### What you are asked to do
Copy, pictures aside: the lines below from the one that holds "Polskie gwiazdy przyłapane" through the final line of the listing, both ends included, exactly as they are and nothing else.

### Data extract
----------------------------------------
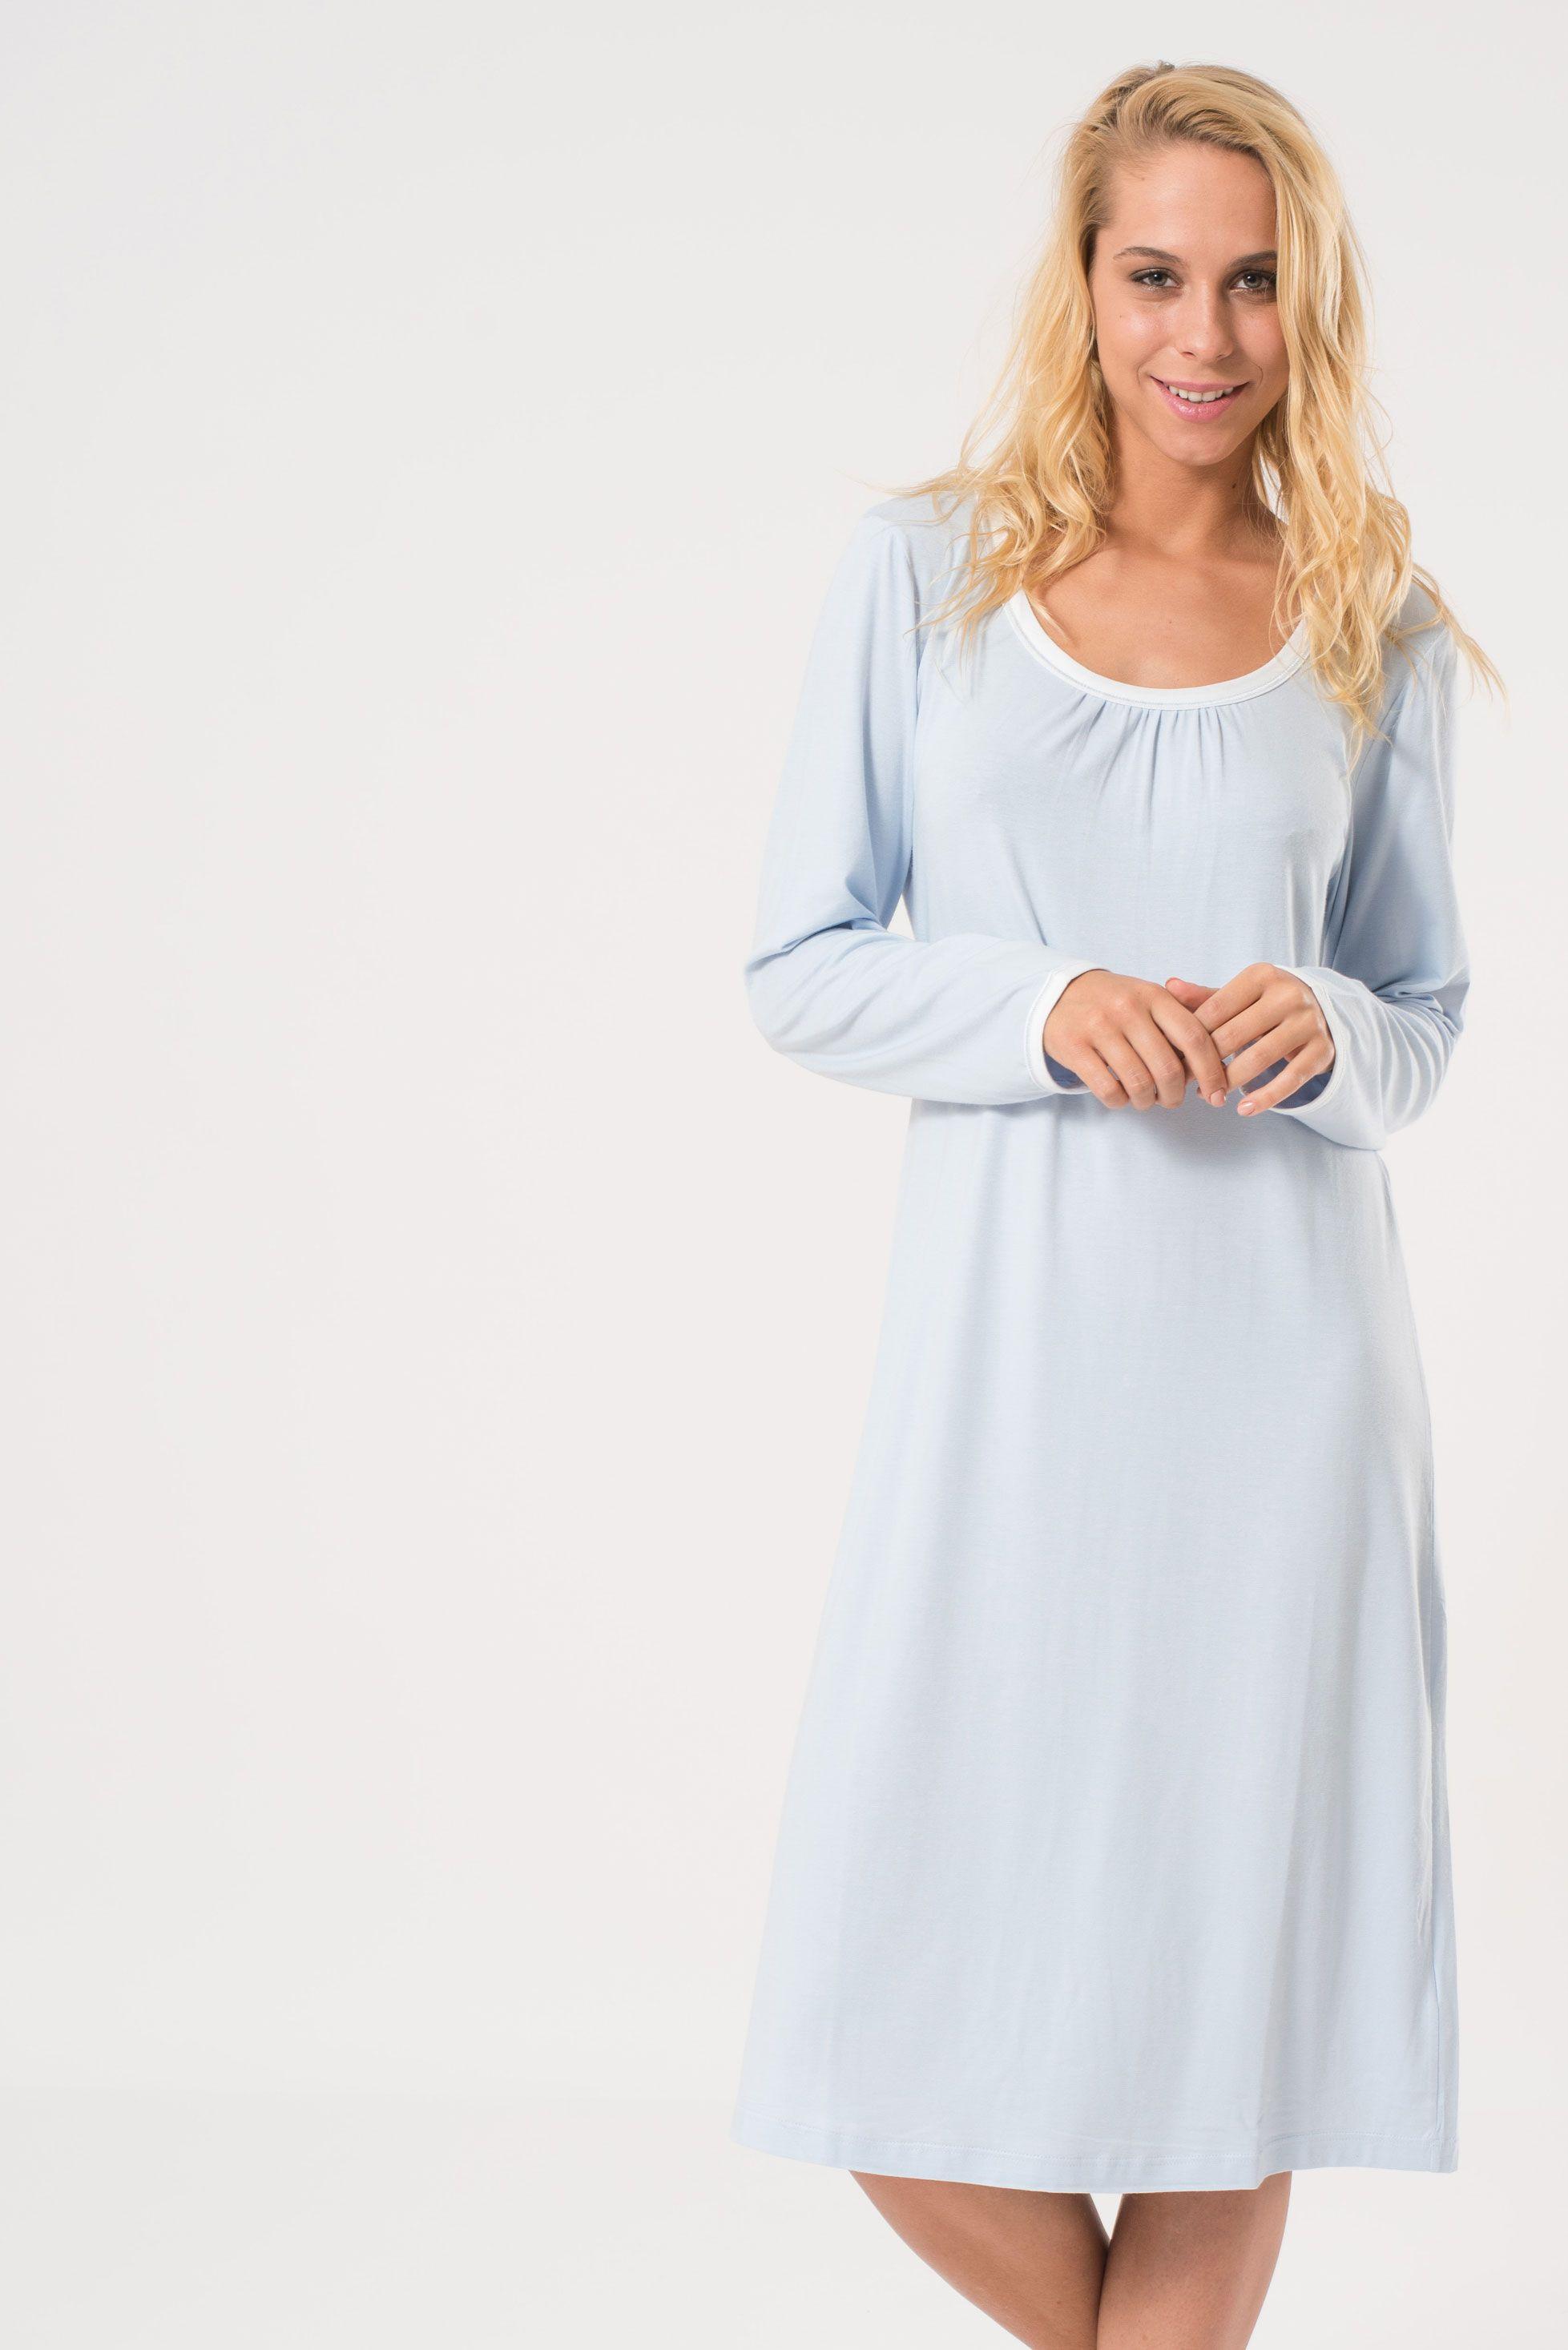 542a5addd4 Belmanetti női hálóing, a stílusos kényelem | Női pizsama | Dresses ...
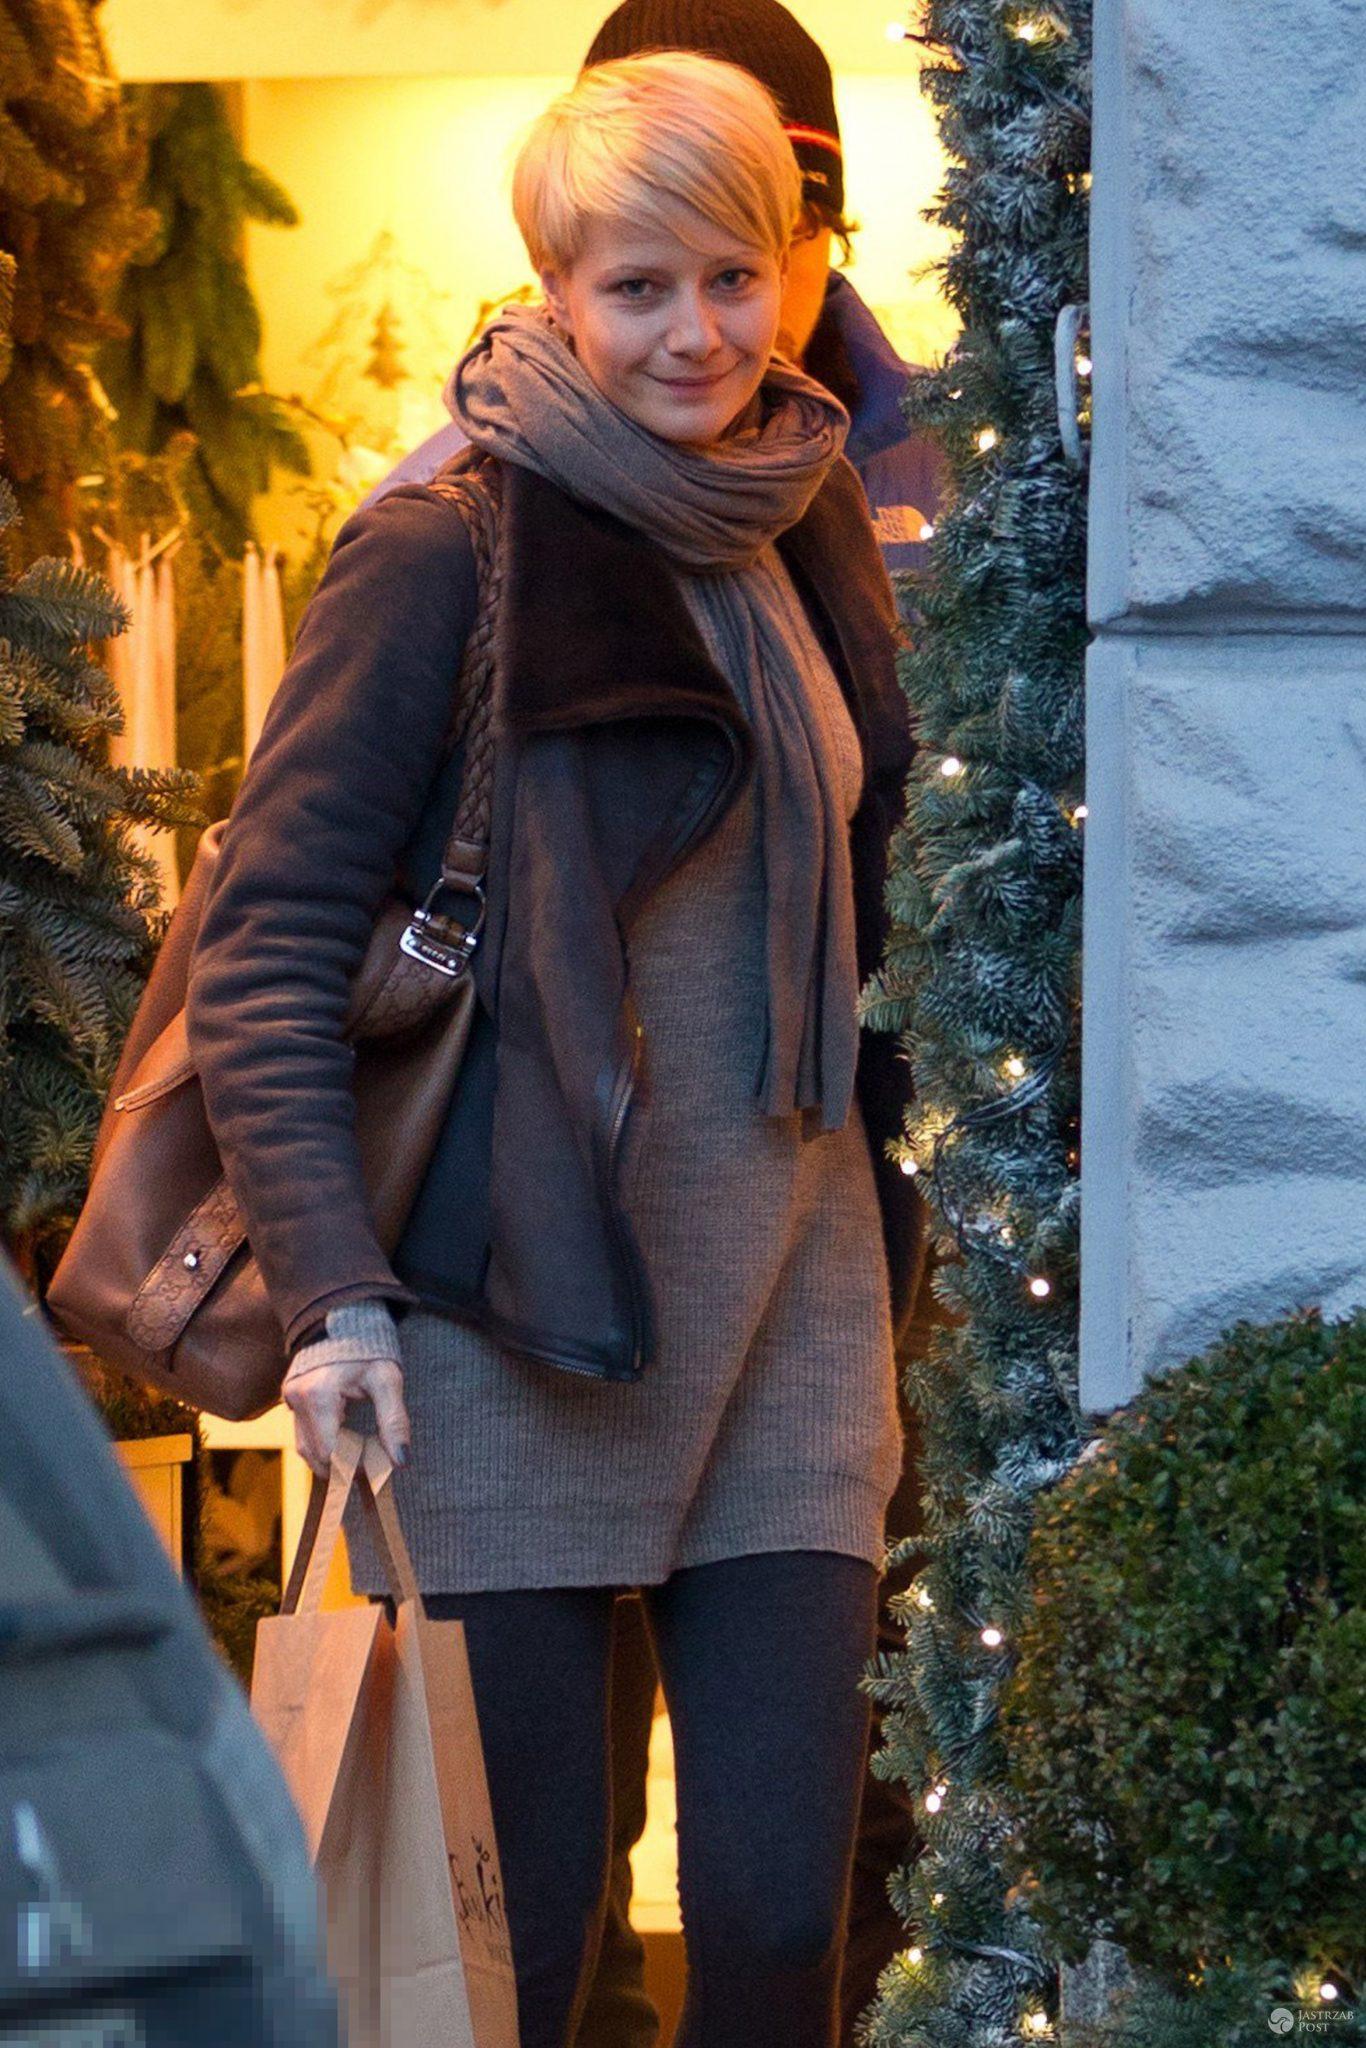 Polskie gwiazdy przyłapane na świątecznych zakupach! Jakie prezenty kupiły? [PAPARAZZI] - Małgorzata Kożuchowska na przedświątecznych zakupach 2016
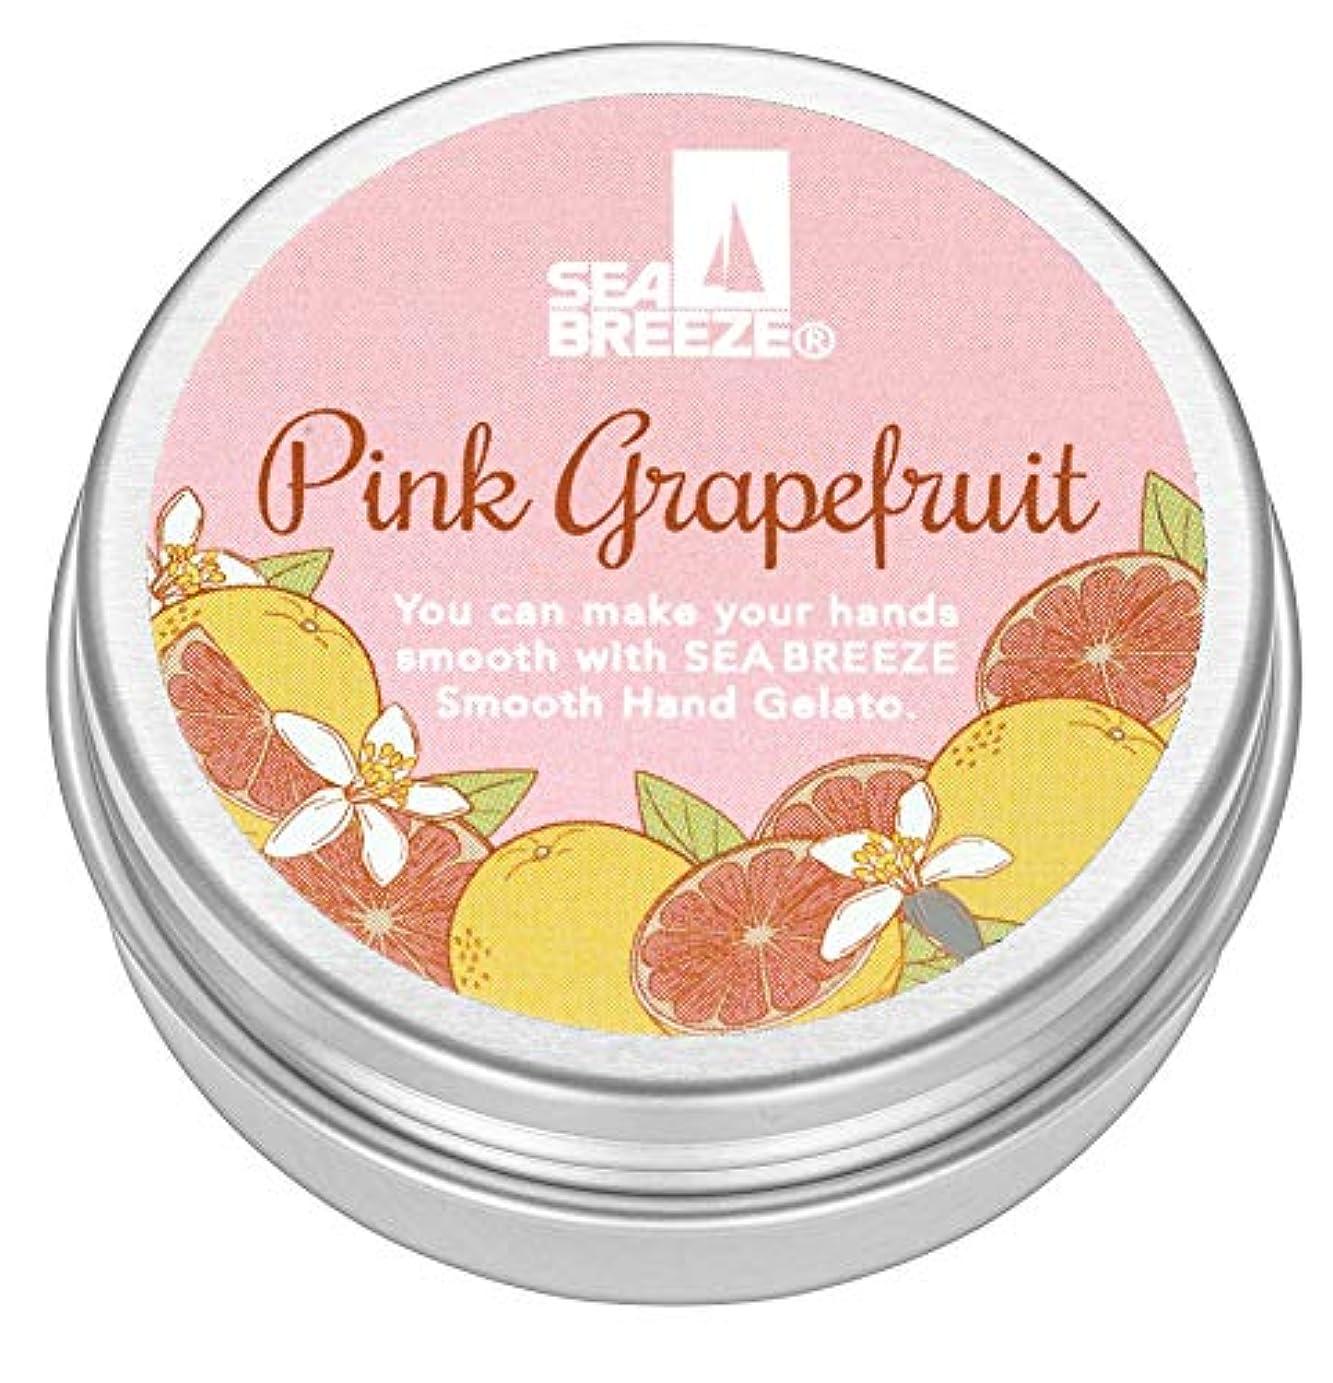 無限大定常ひらめきシーブリーズ スムースハンドジェラート ピンクグレープフルーツ 18g
----------------------------------------
### The completed task
 Polskie gwiazdy przyłapane na świątecznych zakupach! Jakie prezenty kupiły? [PAPARAZZI] - Małgorzata Kożuchowska na przedświątecznych zakupach 2016
 無限大定常ひらめきシーブリーズ スムースハンドジェラート ピンクグレープフルーツ 18g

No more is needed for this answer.